【doc】JOBLIB：按需求计算：Memory类

用例

类Memory定义了一个惰性求值(lazy evaluation)上下文。其将结果缓存到硬盘上，从而避免重复计算。并且它被设计工作在non-hashable和潜在的像numpy数组这样的大型输入输出上。

一个简单的例子：

首先，我们创建一个用于缓存的临时目录：

>>> from tempfile import mkdtemp
>>> cachedir = mkdtemp()

实例化一个内存上下文：

>>> from joblib import Memory
>>> memory = Memory(cachedir=cachedir, verbose=0)

然后，使用装饰器将指定函数缓存到这个上下文：

>>> @memory.cache
... def f(x):
...     print('Running f(%s)' % x)
...     return x

再然后，我们使用同样的参数再次调用这个函数，它将不会被执行，其输出会从pickle文件加载：

>>> print(f(1))
Running f(1)
1
>>> print(f(1))
1

然而，如果我们使用不同的参数调用它，输出将会被重新计算：

>>> print(f(2))
Running f(2)
2

与`memoize`的比较

memoize装饰器(http://code.activestate.com/recipes/52201/) 能缓存函数调用的输入和输出到内存，并以非常小的开销为代价来避免运行两次同样的函数。然而，它在大对象上会产生很大的开销.。而且，它还不支持numpy数组。最后，memoize不会将输出持久化到磁盘，对于大型对象，这将消耗大量内存。而Memory会用一个优化的很好的持久化方法(joblib.dump())将输出保存到磁盘上。
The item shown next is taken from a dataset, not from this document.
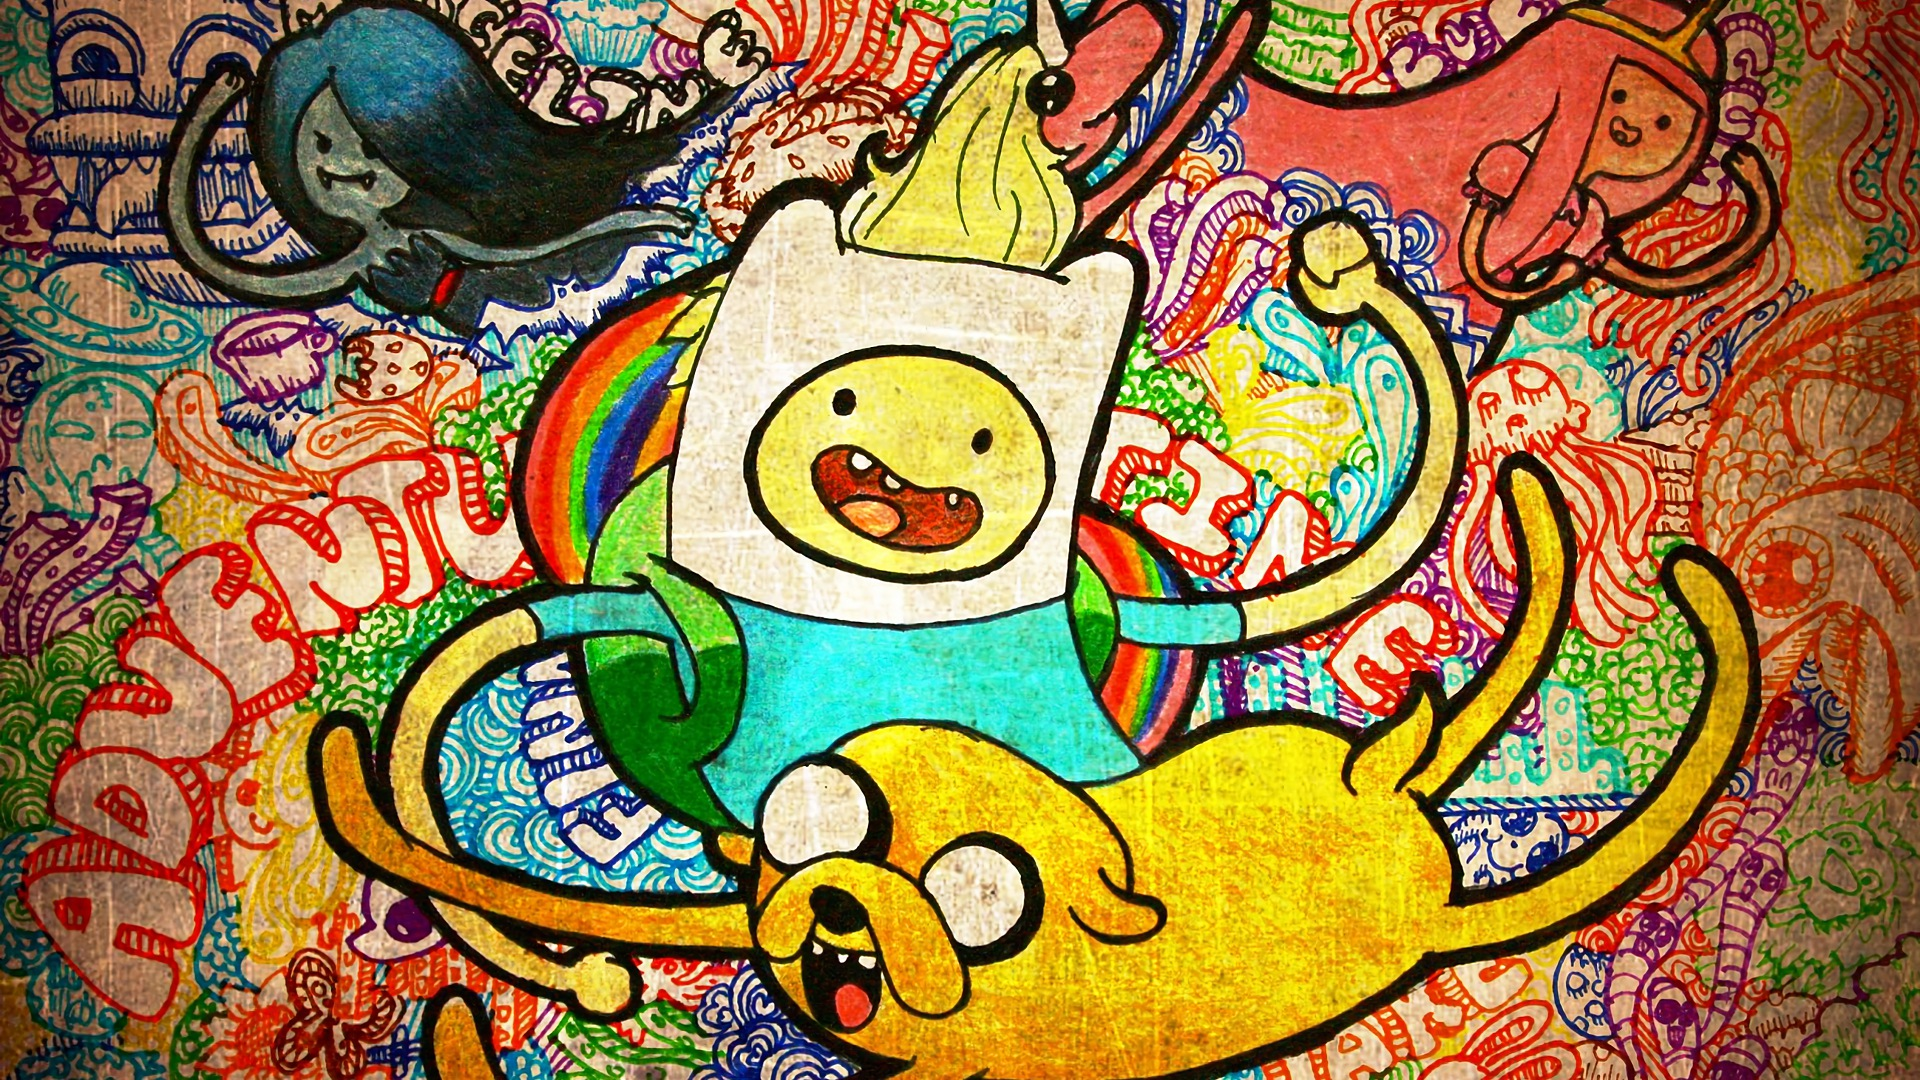 Wallpaper Adventure time, finn and jake, graffiti, colorful artwork

总之，memoize适合小型输入、输出；而Memory适合复杂的输入、输出，并积极将输出持久化到磁盘；

缓存numpy数组

最初的动机是希望Memory能够用类似memoize的模式来缓存numpy数组。Memory通过对比输入参数的哈希值来检查它们是否已经被计算过。

一个例子

我们定义两个函数，第一个的输入为数字，输出为数组，其用于第二个函数的参数。我们使用Memory.cache来装饰这两个函数：

>>> import numpy as np

>>> @memory.cache
... def g(x):
...     print('A long-running calculation, with parameter %s' % x)
...     return np.hamming(x)

>>> @memory.cache
... def h(x):
...     print('A second long-running calculation, using g(x)')
...     return np.vander(x)

如果我们用同样的参数调用函数h，其不会被重新运行：

>>> a = g(3)
A long-running calculation, with parameter 3
>>> a
array([ 0.08,  1.  ,  0.08])
>>> g(3)
array([ 0.08,  1.  ,  0.08])
>>> b = h(a)
A second long-running calculation, using g(x)
>>> b2 = h(a)
>>> b2
array([[ 0.0064,  0.08  ,  1.    ],
       [ 1.    ,  1.    ,  1.    ],
       [ 0.0064,  0.08  ,  1.    ]])
>>> np.allclose(b, b2)
True

使用`memmapping`

为了加速缓存大型numpy数组，你可以使用 memmapping (memory mapping) 来加载它们：

>>> cachedir2 = mkdtemp()
>>> memory2 = Memory(cachedir=cachedir2, mmap_mode='r')
>>> square = memory2.cache(np.square)
>>> a = np.vander(np.arange(3)).astype(np.float)
>>> square(a)
________________________________________________________________________________
[Memory] Calling square...
square(array([[ 0.,  0.,  1.],
       [ 1.,  1.,  1.],
       [ 4.,  2.,  1.]]))
___________________________________________________________square - 0.0s, 0.0min
memmap([[  0.,   0.,   1.],
       [  1.,   1.,   1.],
       [ 16.,   4.,   1.]])

Note
注意到上例中使用了调试模式。它能够追踪哪些调用被执行，以及消耗了多少时间。

如果使用同样的参数再次调用函数square，它的返回值将通过memmapping从硬盘加载：

>>> res = square(a)
>>> print(repr(res))
memmap([[  0.,   0.,   1.],
       [  1.,   1.,   1.],
       [ 16.,   4.,   1.]])

Note
如果内存映射模型为'r'，就像上面例子中那样，数组将会是只读的。

另一方面，使用'r+'或'w+'将能够修改数组，但是这些修改将传播到磁盘，这将会搞乱缓存。如果你想在内存中修改数组，我们建议你使用‘c’模式：写时复制。

Shelving: 引用缓存结果

有时我们并不需要结果本身，而只需要引用缓存结果。一个典型的例子是当需要发送大量大型numpy数组给工作者时：与其通过网络发送数据本身，不如发送joblib缓存结果的引用，然后让工作者从网络文件系统读数据，从而利用可能的一些系统级缓存。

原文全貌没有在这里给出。